在实际使用中,经常遇到一个维度关联的问题,比如将物品的类别、用户的画像信息等带入场景计算;这里简单列举下clickhouse中做维度补全的操作。模拟用户维度数据和物品维度数据生成字典(字典有很多种存储结构,这里主要列举hashed模式)

字典

--创建 用户维度数据 字典
CREATE DICTIONARY dim.dict_user_dim on cluster cluster (
 uid UInt64 ,
 platform String default '' ,
 country String default '' ,
 province String default '' ,
 isp String default '' ,
 app_version String default '' ,
 os_version String default '',
 mac String default '' ,
 ip String default '',
 gender String default '',
 age Int16 default -1
) PRIMARY KEY uid 
SOURCE(
  CLICKHOUSE(
    HOST 'localhost' PORT 9000 USER 'default' PASSWORD '' DB 'dim' TABLE 'user_dim_dis'
  )
) LIFETIME(MIN 1800 MAX 3600) LAYOUT(HASHED());

--创建 物品维度数据 字典
CREATE DICTIONARY dim.dict_item_dim on cluster cluster (
 item_id UInt64 ,
 type_id UInt32 default 0,
 price UInt32 default 0
) PRIMARY KEY item_id 
SOURCE(
  CLICKHOUSE(
    HOST 'localhost' PORT 9000 USER 'default' PASSWORD '' DB 'dim' TABLE 'item_dim_dis'
  )
) LIFETIME(MIN 1800 MAX 3600) LAYOUT(HASHED())

注意事项

  • 语法不做详细介绍,想要更深了解可以参考官方文档

  • 字典的数据是冗余在所有节点的,默认字典的加载方式是惰性加载,也就是需要至少一次查询才能将字典记载到内存,避免一些不使用的字典对集群带来影响。
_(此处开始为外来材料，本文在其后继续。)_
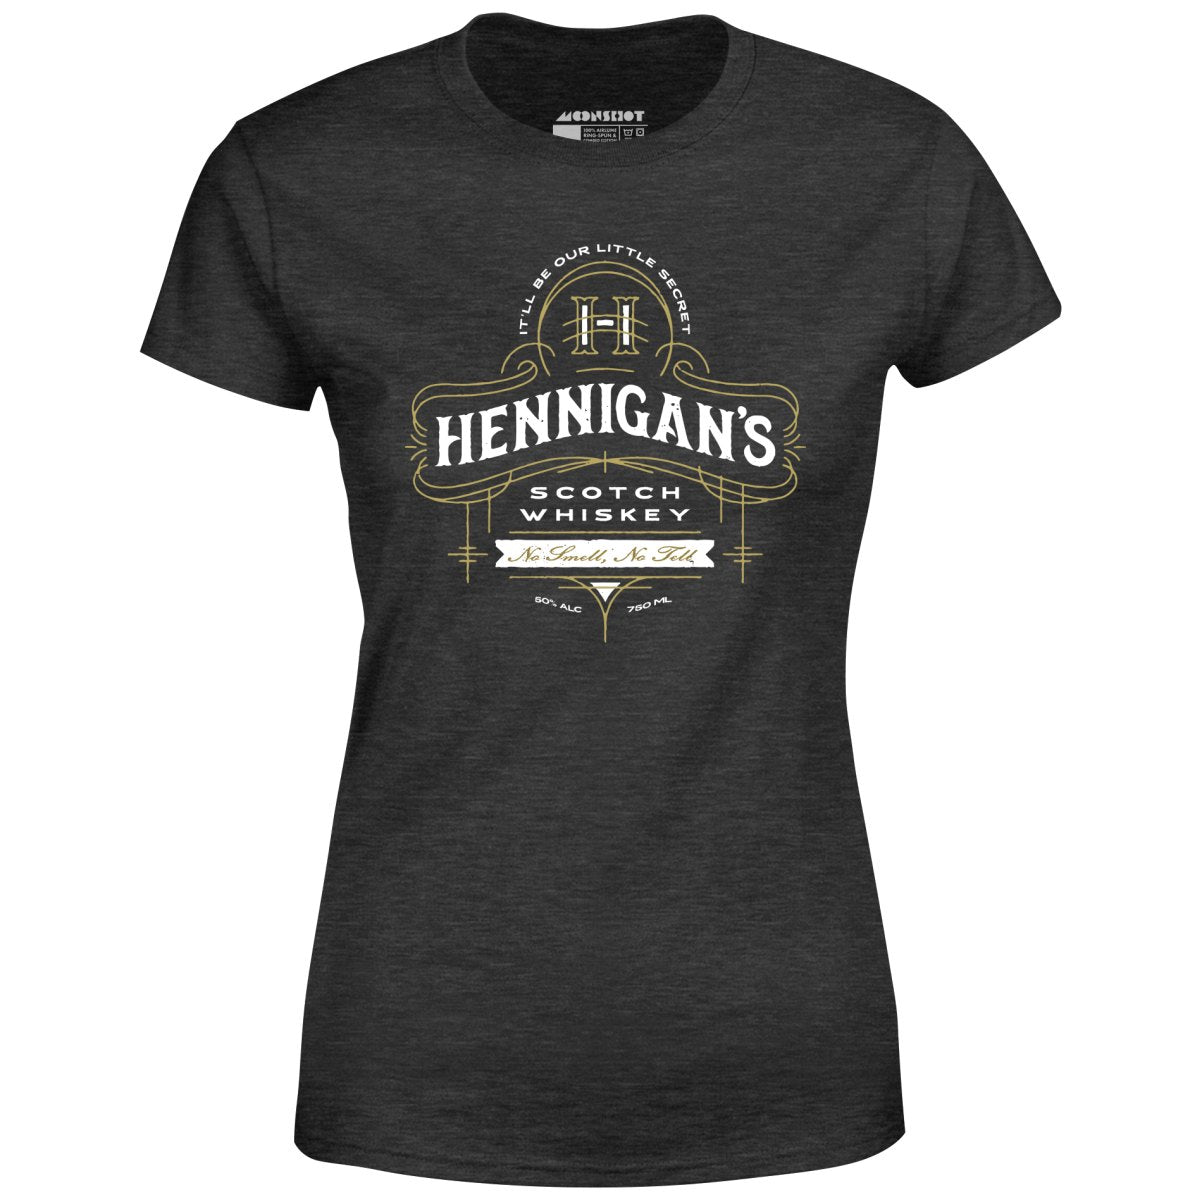 Hennigan's Scotch Whiskey - Women's T-Shirt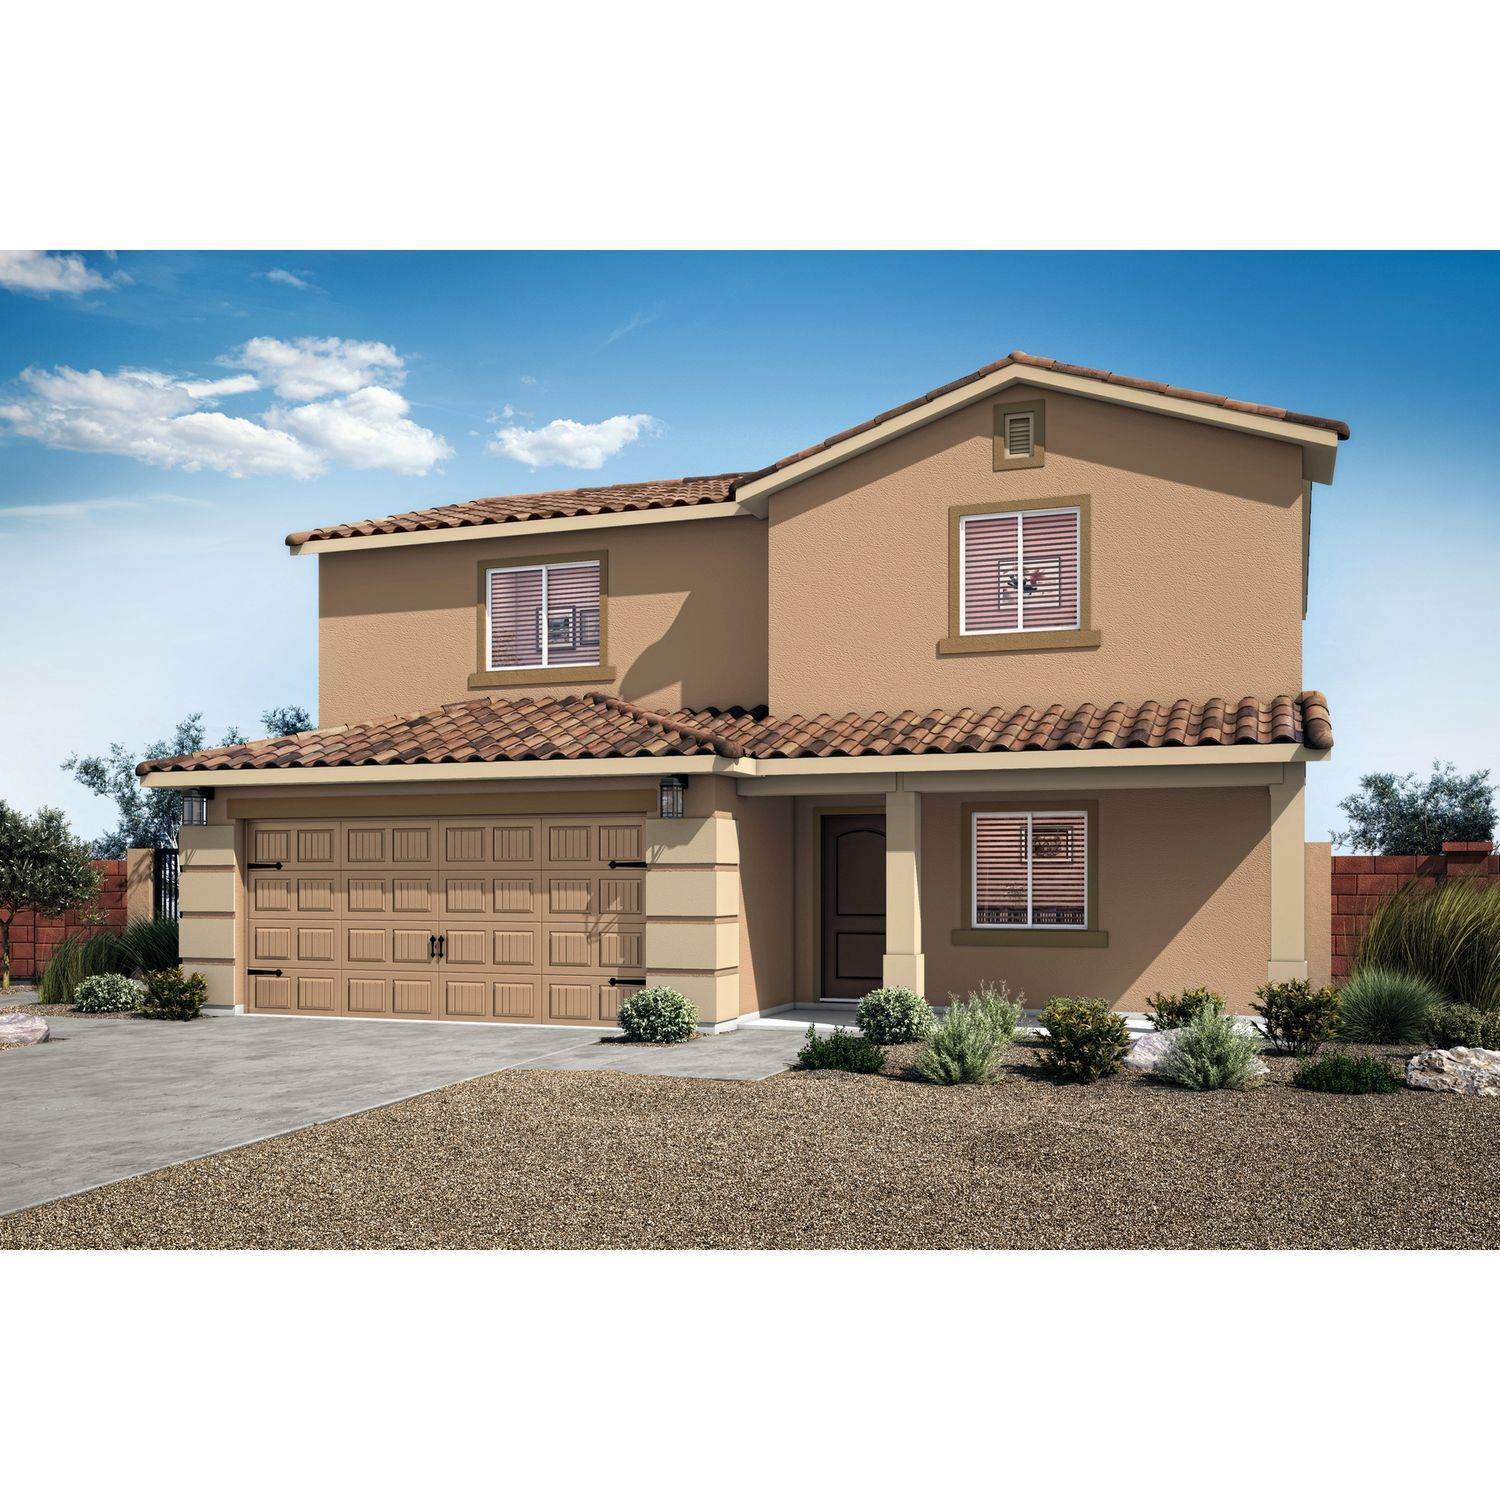 6. Sunrise Estates building at 263 S Ash St, Florence, AZ 85132

  • 也可以通过hash分片的方式将用户指定到某个shard,那么字典也可以实现通过hash分片的方式存储在每个节点,间接实现分布式字典,减少数据存储

使用方式

  • 一种是通过dictGet;如果只查询一个key,建议使用dicGet,代码复杂可读性高,同时字典查的value可以作为另一个查询的key

  • 另外一种方式是通过join

--单value方法1:
SELECT
    dictGet('dim.dict_user_dim', 'platform', toUInt64(uid)) AS platform,
    uniqCombined(uid) AS uv
FROM dws.user_product_dis
WHERE day = '2023-06-19'
GROUP BY platform

Query id: 52234955-2dc9-4117-9f2a-45ab97249ea7

┌─platform─┬───uv─┐
│ android  │ 9624 │
│ ios      │ 4830 │
└──────────┴──────┘

2 rows in set. Elapsed: 0.009 sec. Processed 49.84 thousand rows, 299.07 KB (5.37 million rows/s., 32.24 MB/s.)

--多value方法1:
SELECT
    dictGet('dim.dict_user_dim', 'platform', toUInt64(uid)) AS platform,
    dictGet('dim.dict_user_dim', 'gender', toUInt64(uid)) AS gender,
    uniqCombined(uid) AS uv
FROM dws.user_product_dis
WHERE day = '2023-06-19'
GROUP BY
    platform,
    gender

Query id: ed255ee5-9036-4385-9a51-35923fef6e48

┌─platform─┬─gender─┬───uv─┐
│ ios      │ 男     │ 2236 │
│ android  │ 女     │ 4340 │
│ android  │ 未知   │  941 │
│ android  │ 男     │ 4361 │
│ ios      │ 女     │ 2161 │
│ ios      │ 未知   │  433 │
└──────────┴────────┴──────┘

6 rows in set. Elapsed: 0.011 sec. Processed 49.84 thousand rows, 299.07 KB (4.70 million rows/s., 28.20 MB/s.)
--单value方法2:
SELECT
    t2.platform AS platform,
    uniqCombined(t1.uid) AS uv
FROM dws.user_product_dis AS t1
INNER JOIN dim.dict_user_dim AS t2 ON toUInt64(t1.uid) = t2.uid
WHERE day = '2023-06-19'
GROUP BY platform

Query id: 8906e637-475e-4386-946e-29e1690f07ea

┌─platform─┬───uv─┐
│ android  │ 9624 │
│ ios      │ 4830 │
└──────────┴──────┘

2 rows in set. Elapsed: 0.011 sec. Processed 49.84 thousand rows, 299.07 KB (4.55 million rows/s., 27.32 MB/s.)

--多value方法2:
SELECT
    t2.platform AS platform,
    t2.gender AS gender,
    uniqCombined(t1.uid) AS uv
FROM dws.user_product_dis AS t1
INNER JOIN dim.dict_user_dim AS t2 ON toUInt64(t1.uid) = t2.uid
WHERE day = '2023-06-19'
GROUP BY
    platform,
    gender

Query id: 88ef55a6-ddcc-42f8-8ce3-5e3bb639b38a

┌─platform─┬─gender─┬───uv─┐
│ ios      │ 男     │ 2236 │
│ android  │ 女     │ 4340 │
│ android  │ 未知   │  941 │
│ android  │ 男     │ 4361 │
│ ios      │ 女     │ 2161 │
│ ios      │ 未知   │  433 │
└──────────┴────────┴──────┘

6 rows in set. Elapsed: 0.015 sec. Processed 49.84 thousand rows, 299.07 KB (3.34 million rows/s., 20.07 MB/s.)

结论

从查询结果来看,dictGet要更快一些,同时在代码可读性上也要更好一些,可以结合场景使用。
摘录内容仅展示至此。